Raw data:
┄┄┄┄┄┄┄┄┄┄
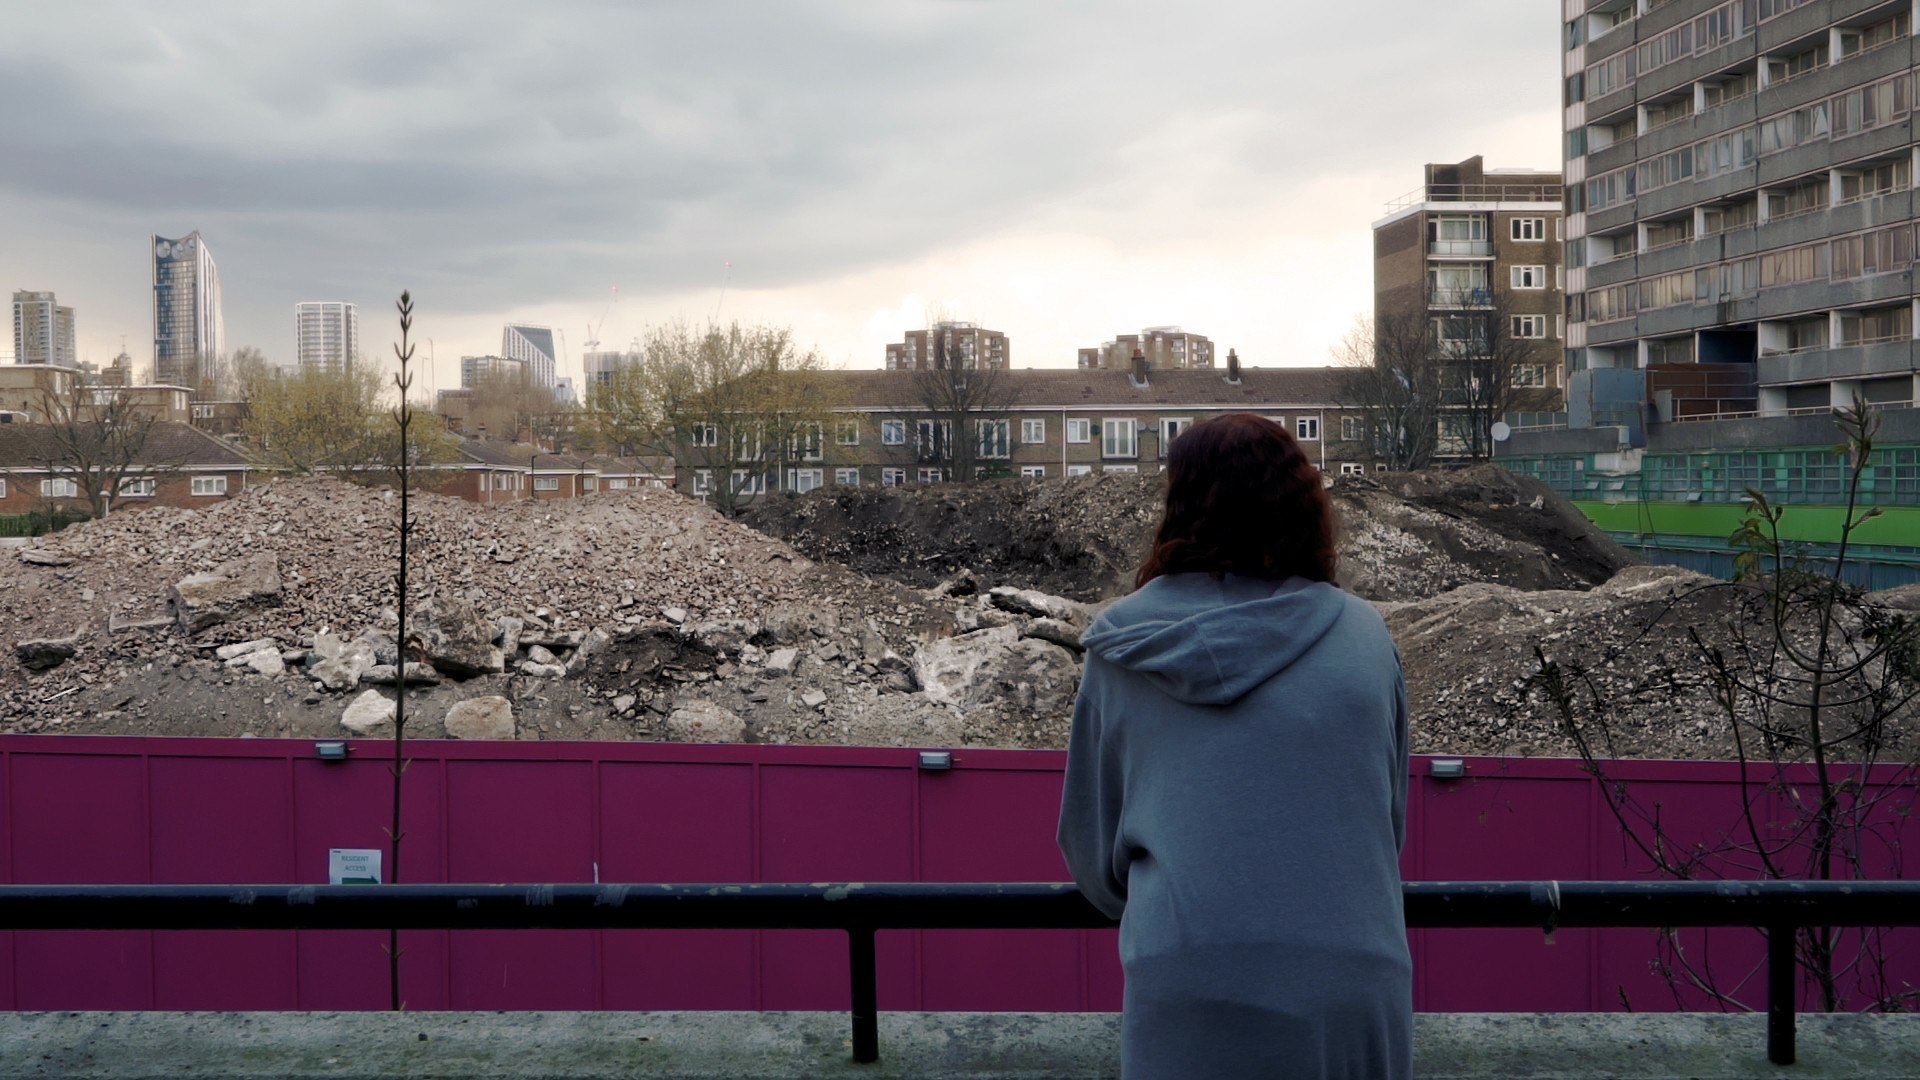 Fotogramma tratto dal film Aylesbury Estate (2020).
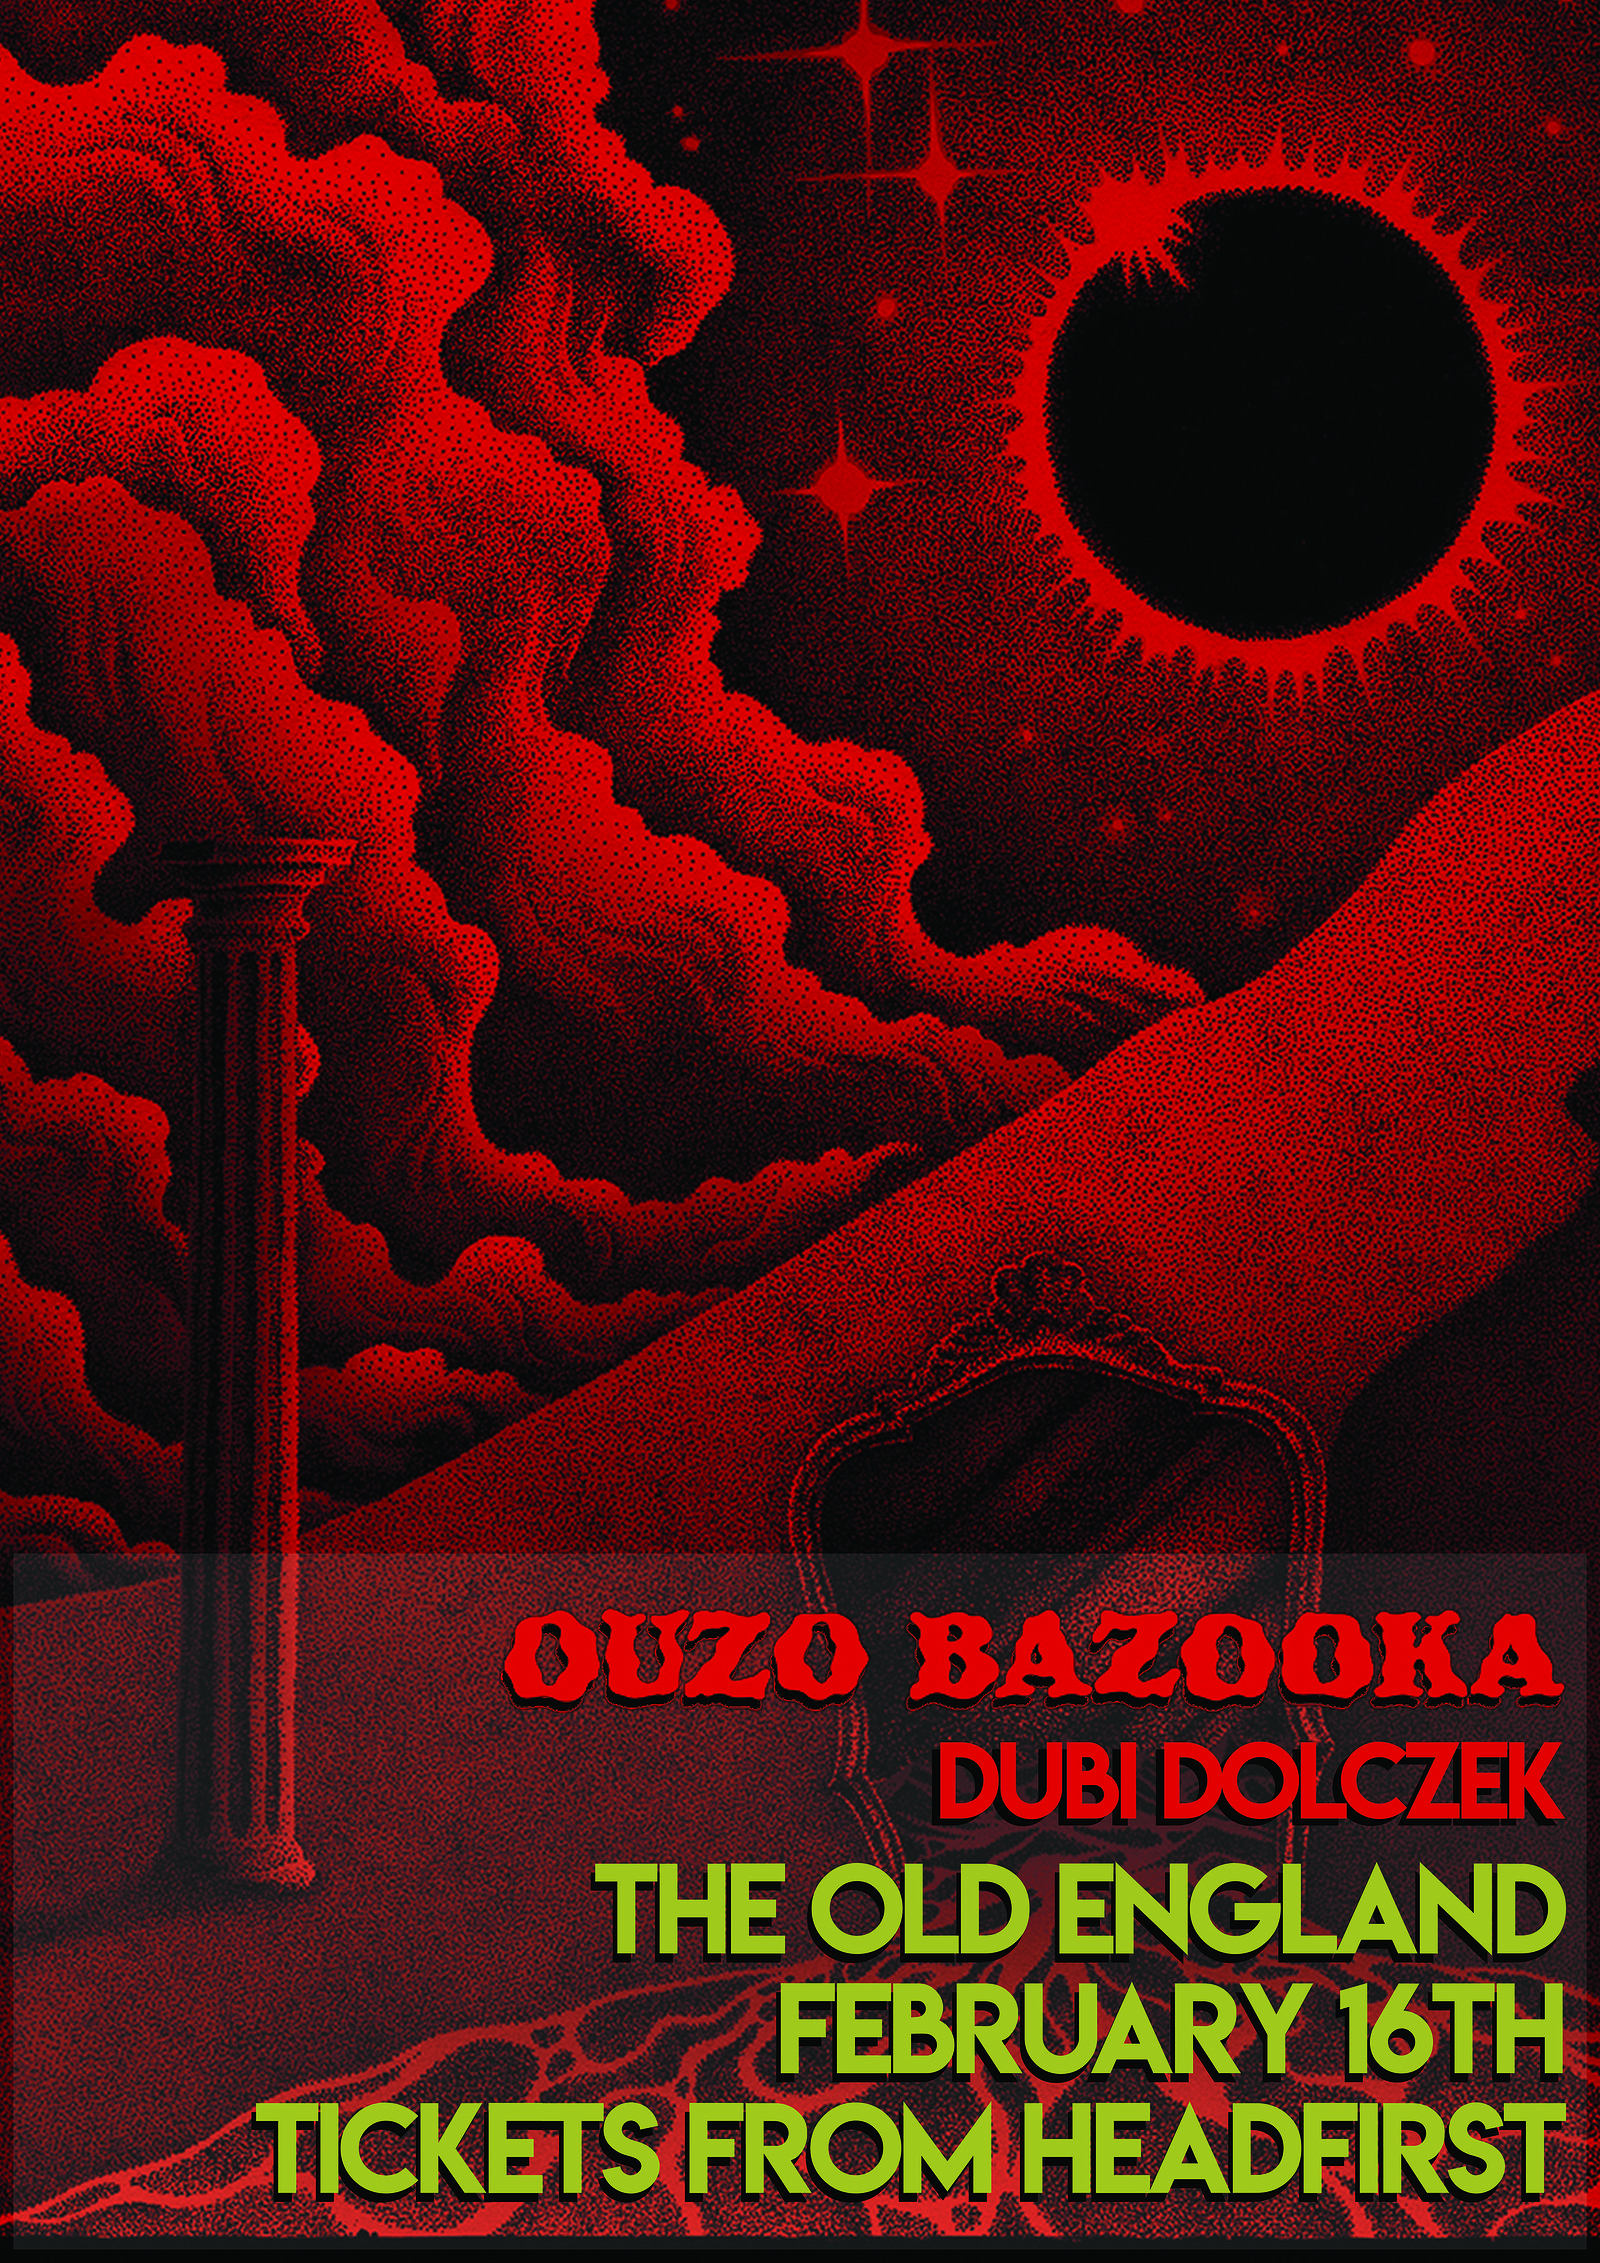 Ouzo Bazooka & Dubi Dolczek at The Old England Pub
┄┄┄┄┄┄┄┄┄┄
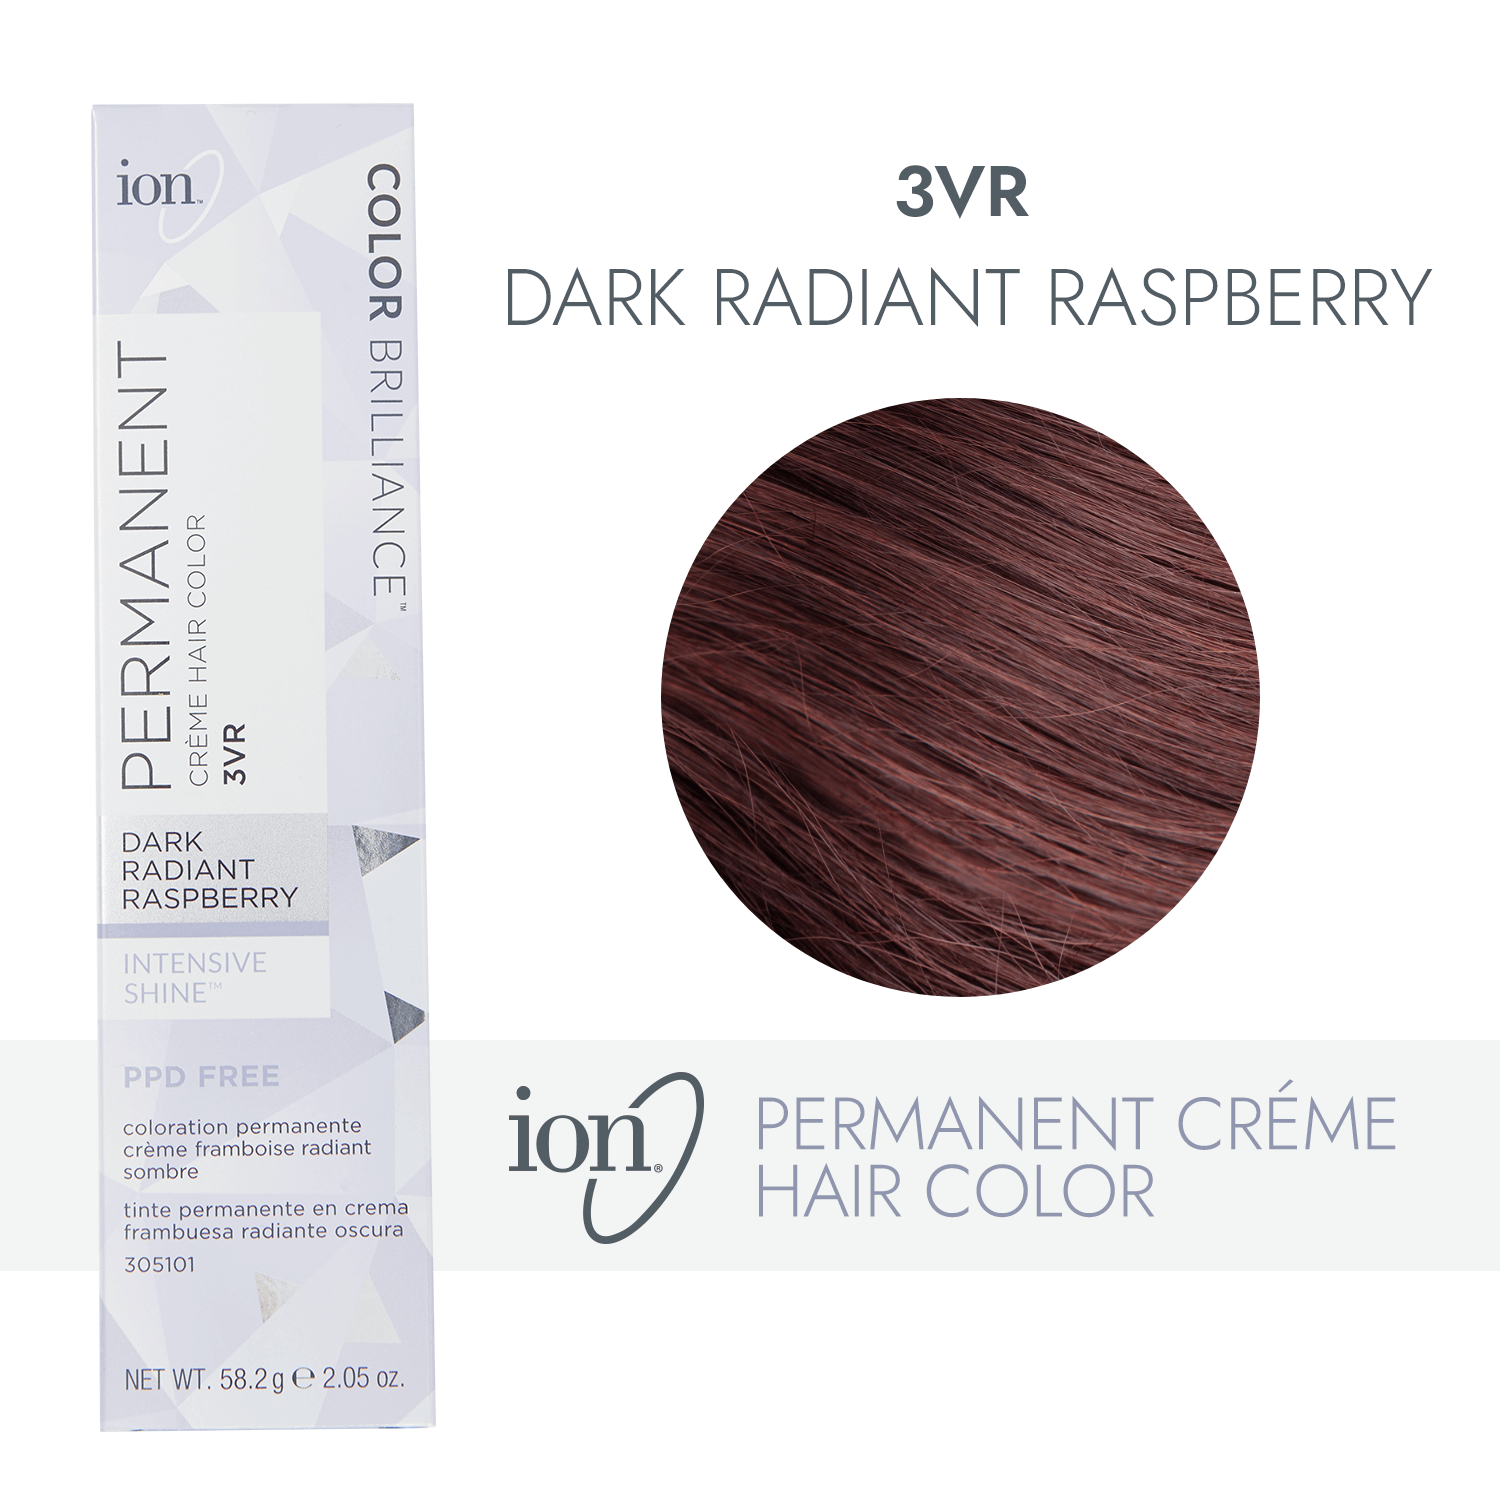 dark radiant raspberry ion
┄┄┄┄┄┄┄┄┄┄
What the task requires:
For this exercise, return exactly the lines above from the line with "Fotogramma tratto dal" through the line with "Ouzo Bazooka &", both included. Do not copy the pictures.

Solved problem:
 Fotogramma tratto dal film Aylesbury Estate (2020).
 Ouzo Bazooka & Dubi Dolczek at The Old England Pub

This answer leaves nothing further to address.